At US HUPO, New PNNL Software Tools Get an Airing
An estimated 20,300 genes in the human genome encode proteins. The number of proteins themselves, as intact proteoforms, could be as high as one billion. That vast number makes the functional protein architecture of humans - the proteome - much harder to map than the genome.
Yet mapping the proteome is essential because understanding the activities and functions of proteins could speed the development of protocols for diagnosis, treatment, and prevention of disease.
Internationally, the Human Proteome Organization (HUPO) coordinates this kind of research. The United States chapter, US HUPO, is hosting its 13th annual conference this week (March 19-22). It features presentations, lightning talks, industry lunch seminars, short courses, workshops, and poster sessions. Among the presenters is PNNL's Sam Payne, an Integrative Omics scientist and team lead who develops algorithms for analyzing proteomics data.
Proteomics data are collected by mass spectrometry analytical strategies designed to reveal the function and activity of proteins, in part by accurately measuring a protein's charge, mass, and weight.
At US HUPO conference in San Diego this week "there are multiple broad topics," said Payne - many of them with an emphasis on biology and on proteomics related to cancer, heart disease, and neurological disorders. But he is part of the more technological side of the proceedings.
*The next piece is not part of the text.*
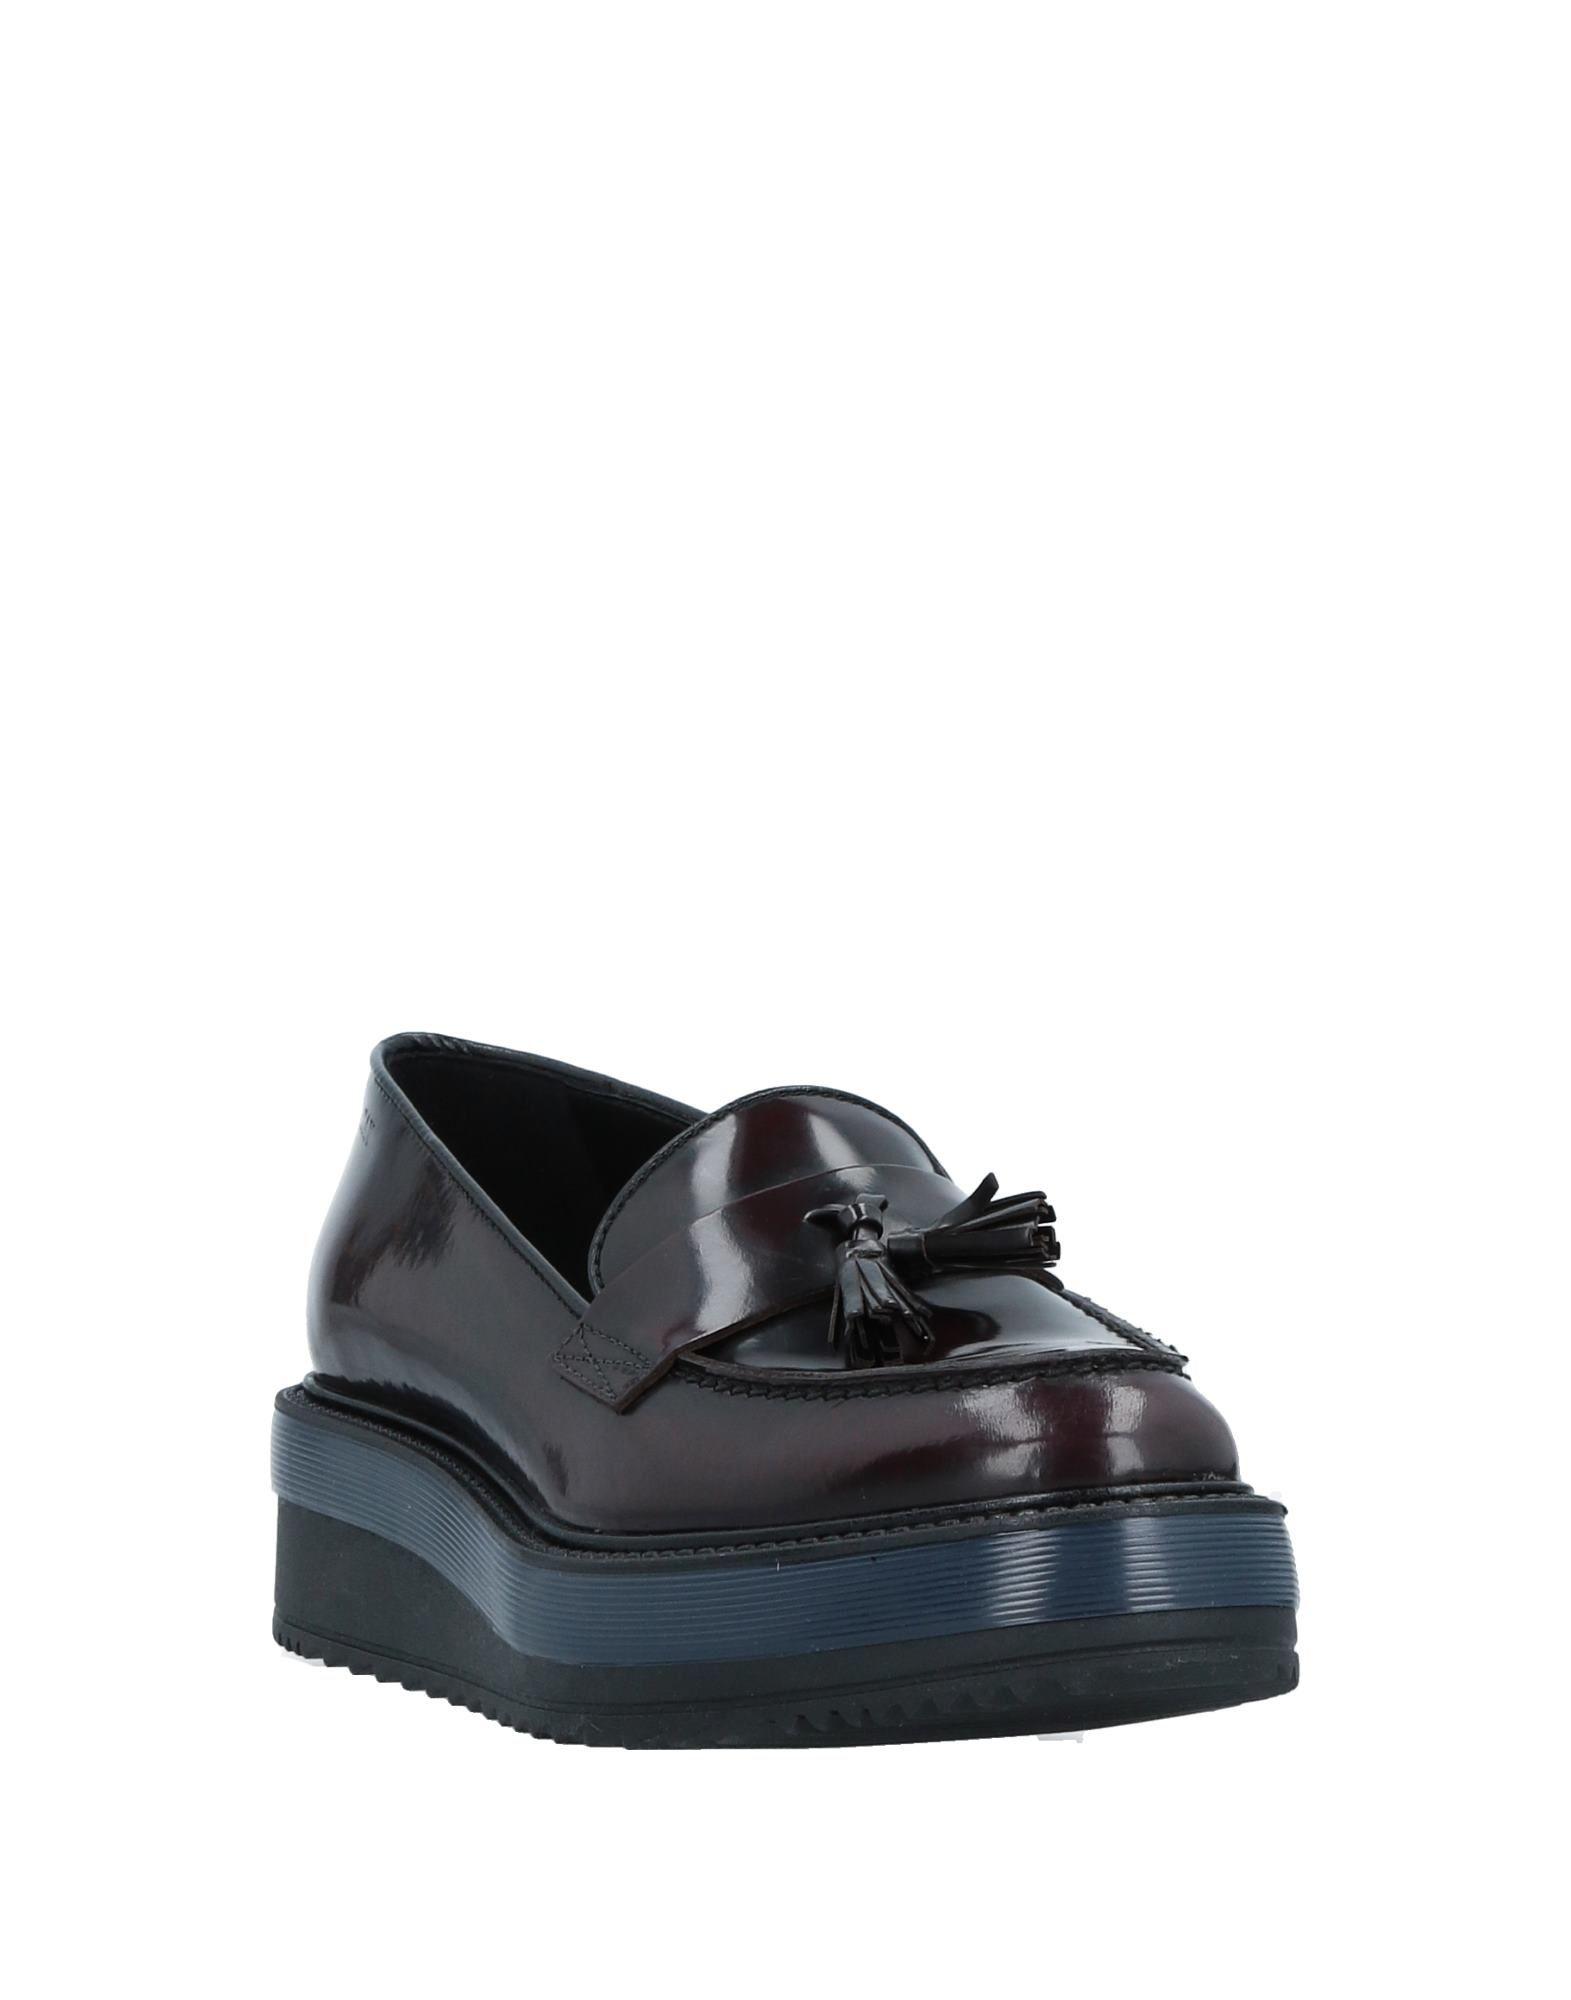 Sax  Mokassins Damen  Sax 11344836HR Gute Qualität beliebte Schuhe 41efa2

As a backdrop to US HUPO, said Payne, "PNNL has a very long history in leading top-down analysis" in both instruments and informatics.
His talk, on the afternoon of March 21, comes during a session on top-down analysis of protein complexes. This approach analyzes each protein while it is intact, instead of relying on measuring a protein's smaller parts.
Payne's theme is software that keeps up with the rapid evolution of mass spectrometry instrumentation. "We are trying to made flexible software so that as the instruments change it takes less effort for us to adapt," he said.
His presentation introduces an open-source suite of software for top-down proteomics analysis called Informed-Proteomics. It offers substantial improvements in feature finding, database search algorithms, and semi-automated learning methods. Funding came from the U.S. Department of Energy and from the National Institute of General Medical Sciences.
In the traditional and more common bottom-up process, proteins are digested, sliced into peptides, and then reassembled. Researchers get a higher number of identifications and faster throughput. But results related to protein isoforms and species can be inconclusive. In addition, peptides do not always map accurately to a single human gene.
"Studying a protein in its native structure is important," said Payne, since so much more information about the protein is preserved. "But there are technical challenges getting to the scale you want to be." The spectra derived from top-down methods are much more complex, and require new software tools and novel algorithms to meet what he called the "hugely challenging" idea of measuring all the proteins in a cell.
For one, in top-down analyses the size of intact proteins means the signal after ionization is spread out over many dimensions. For another, the "search space" of potential proteoforms is very large since the combinatory universe of proteins can number up to a billion.
"The challenge with top-down is that what you look for is extraordinarily large," said Payne - and that requires the right mathematics "to organize an efficient way to search."
How do you interpret all that top-down data?"There are very unique challenges to studying the protein as a whole," he said, especially if the instruments acquiring the data keep changing. "It means you're always dealing with a moving target."